For NSP12d1 (Fig. 2B) the average RMSD (0.3 nm), RMSF (0.16 nm) and Rg (3 nm) were similar to that of the apo-protein. The ∆RMSF was lower for the phytochemical and repurposed drug interacting residues. For NSP12d2 (NSP12-NSP7 interface) the average RMSD (0.3 nm) were similar with the apo-protein for N12d1P2, N12d1P3, N12d1P4 and N12d1R6 compared to the slightly higher value obtained for N12d1P1 (0.36 nm). Similar trend in average RMSF and Rg were obtained N12d1 as evident from the ∆RMSF and Rg plots illustrated in Fig. 2C. In the case of N12d3 binding (Fig. 2D), the average RMSD (0.27 nm), RMSF (0.14 nm) of N12d3P1 was slightly lower than the apo-protein, the other phytochemicals and the repurposed drug. The compactness of all the complexes were similar with average Rg (0.3 nm). The compactness of all the simulated structures were similar with average Rg of ~1.44 nm.

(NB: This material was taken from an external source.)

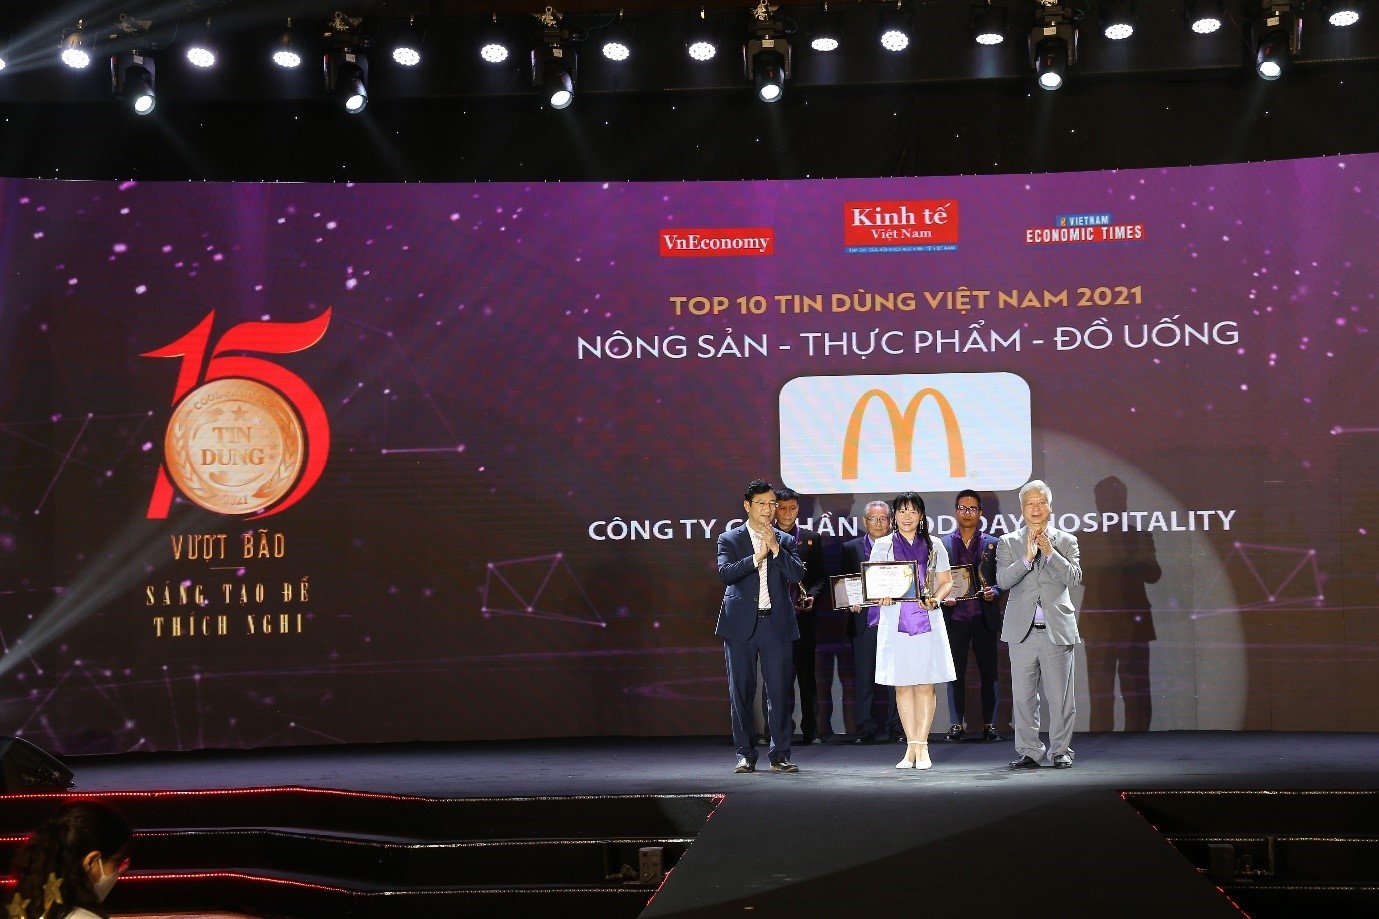 McDonald's among Top 10 Most Trustworthy Companies in the services industry in 2021

In the case of NSP16 (Fig. 2B) the lowest average RMSD was obtained for N16P2 (0.28 nm) compared to the apo-protein (0.33 nm). The average RMSF fluctuations of the phytochemicals were like that of the apo-protein (~0.15 nm). It is to be noted here that the repurposed drug (N16R4) did not form stable complex with NSP16 after 20 ns of the MD simulation and thus was not analysed further. Lower fluctuations at the inhibitor interacting residues were obtained for the phytochemicals w.r.t. the apo-protein as shown by the ∆RMSF plot.

In the case of NSP15 (Fig. 2E), N15P1 showed comparable average RMSD, RMSF and Rg with the apo-protein. N15P2 and N15R2 did not form stable complex with NSP15 with remarkably high average RMSD (>0.7 nm) and thus were not further analysed. N15P1 also showed decrease in fluctuations at the inhibitor binding site as evident from the ∆RMSF plot.

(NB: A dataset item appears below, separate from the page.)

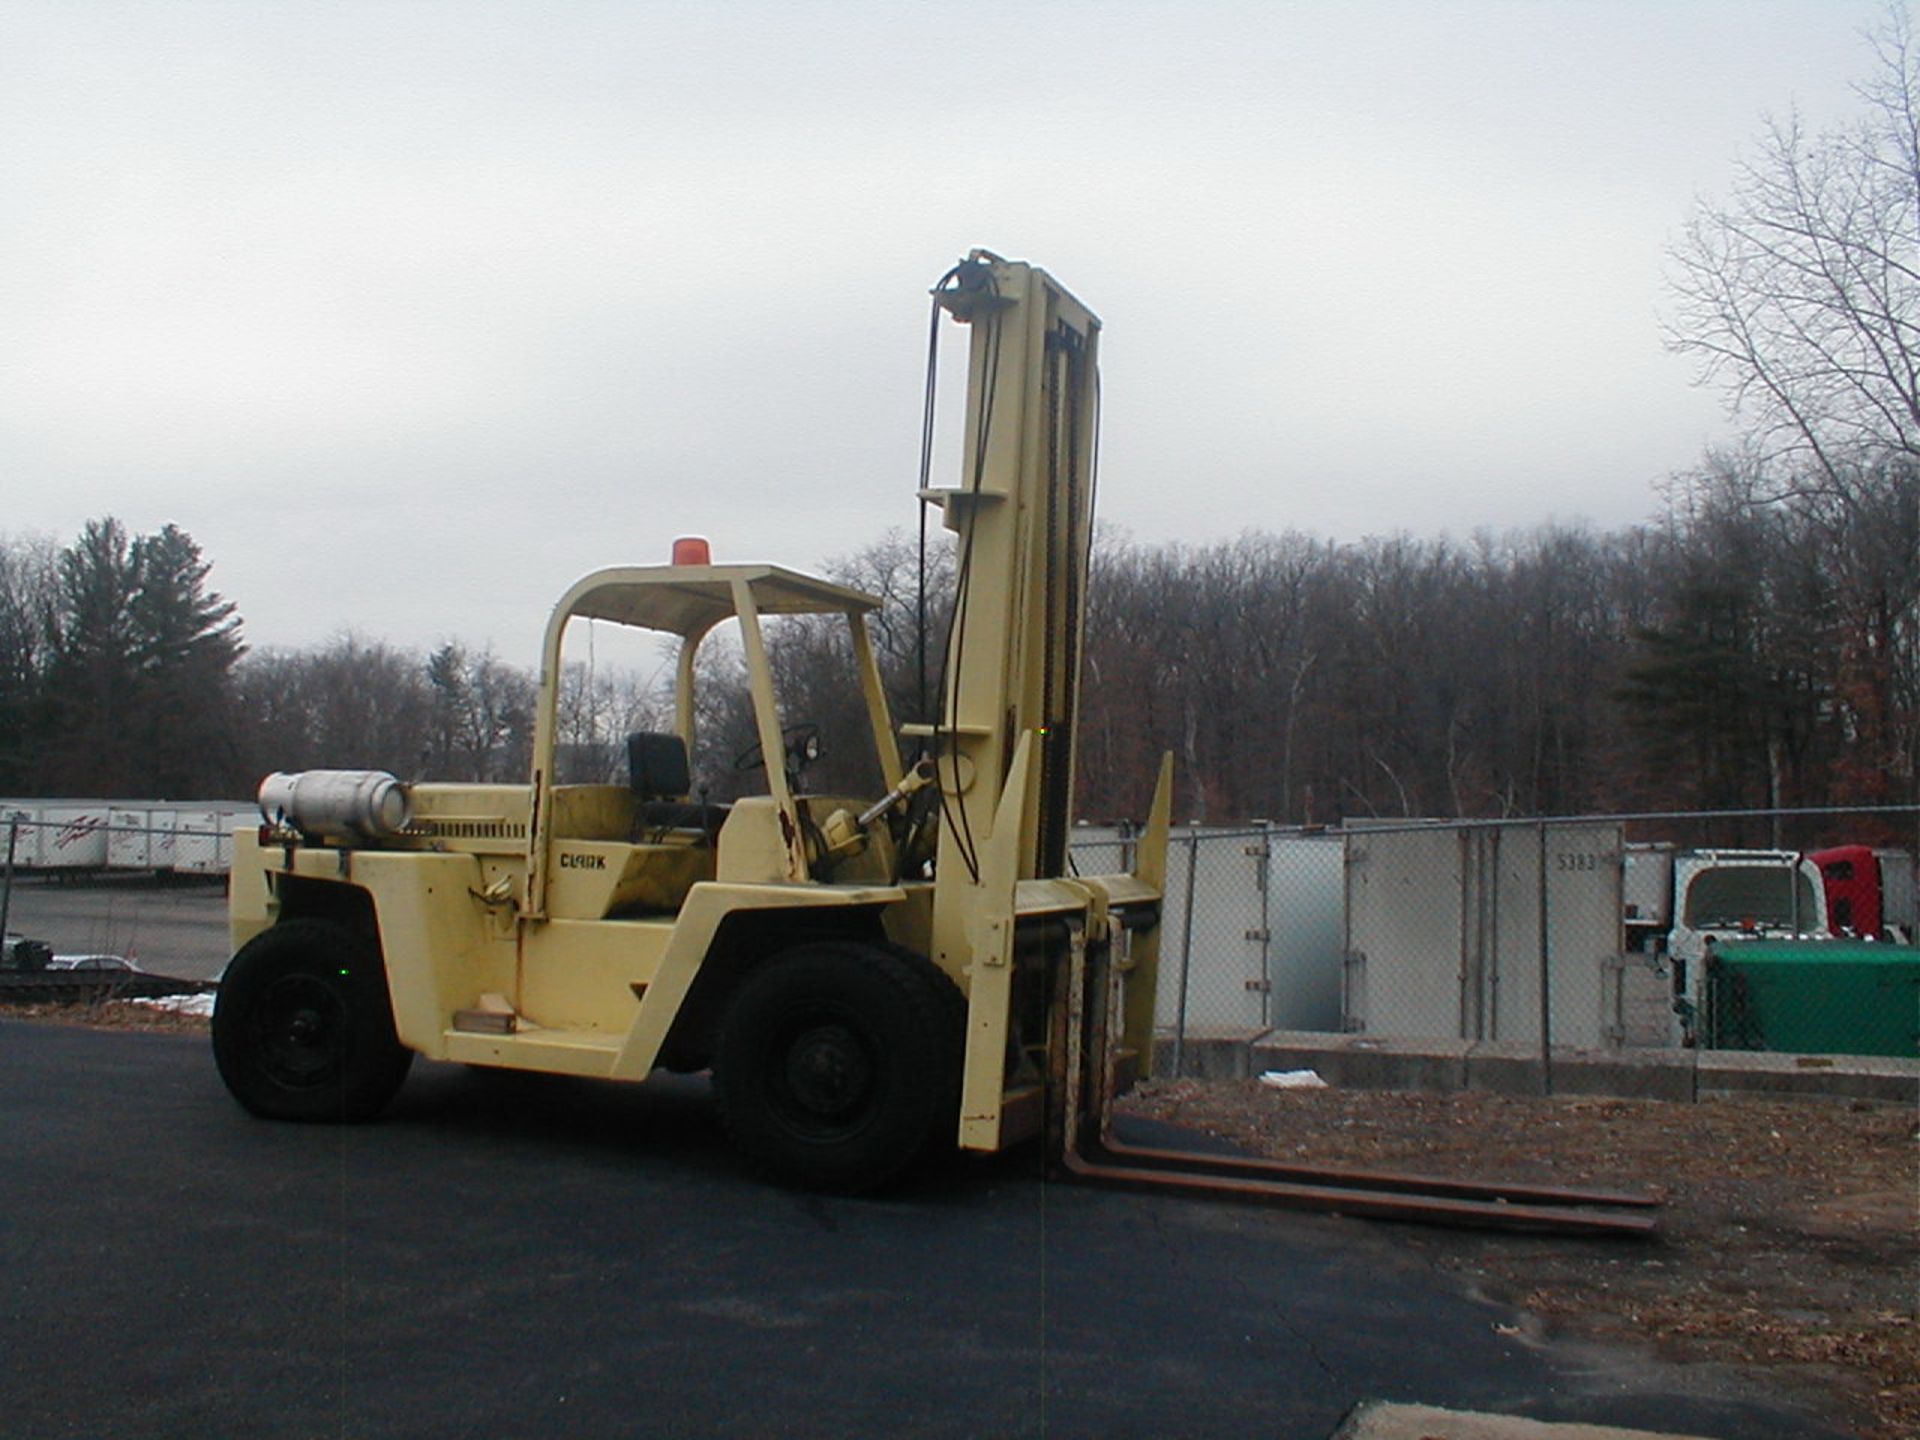 Clark CHY160-250, 25,000# capacity forklift, LPG powered, 2 stage mast, fork attachment, 8' forks, 6

In the case of NSP9 (Fig. 2F), the phytochemicals showed comparable RMSD with an average of ~0.3 nm, average RMSF (0.17 nm) and average Rg (1.4 nm). The ∆RMSF plot showed lower fluctuations at the inhibitor interacting residue. Interestingly a lower dip in ∆RMSF was obtained for Phe76 for N9P2 and N9R4.

In the case of NSP3 (Fig. 2G) the average RMSD of N3P1 was comparable to the apo-protein. The other phytochemicals and the repurposed drugs showed slightly higher RMSD. The ∆RMSF plot revealed that lowest fluctuations were obtained for residues 126–132. N3P4 and N3R5 showed higher fluctuations at residues 38–50. The average Rg was 2.4 nm. It can be noted that the compactness of N3R4 started increasing after 60 ns.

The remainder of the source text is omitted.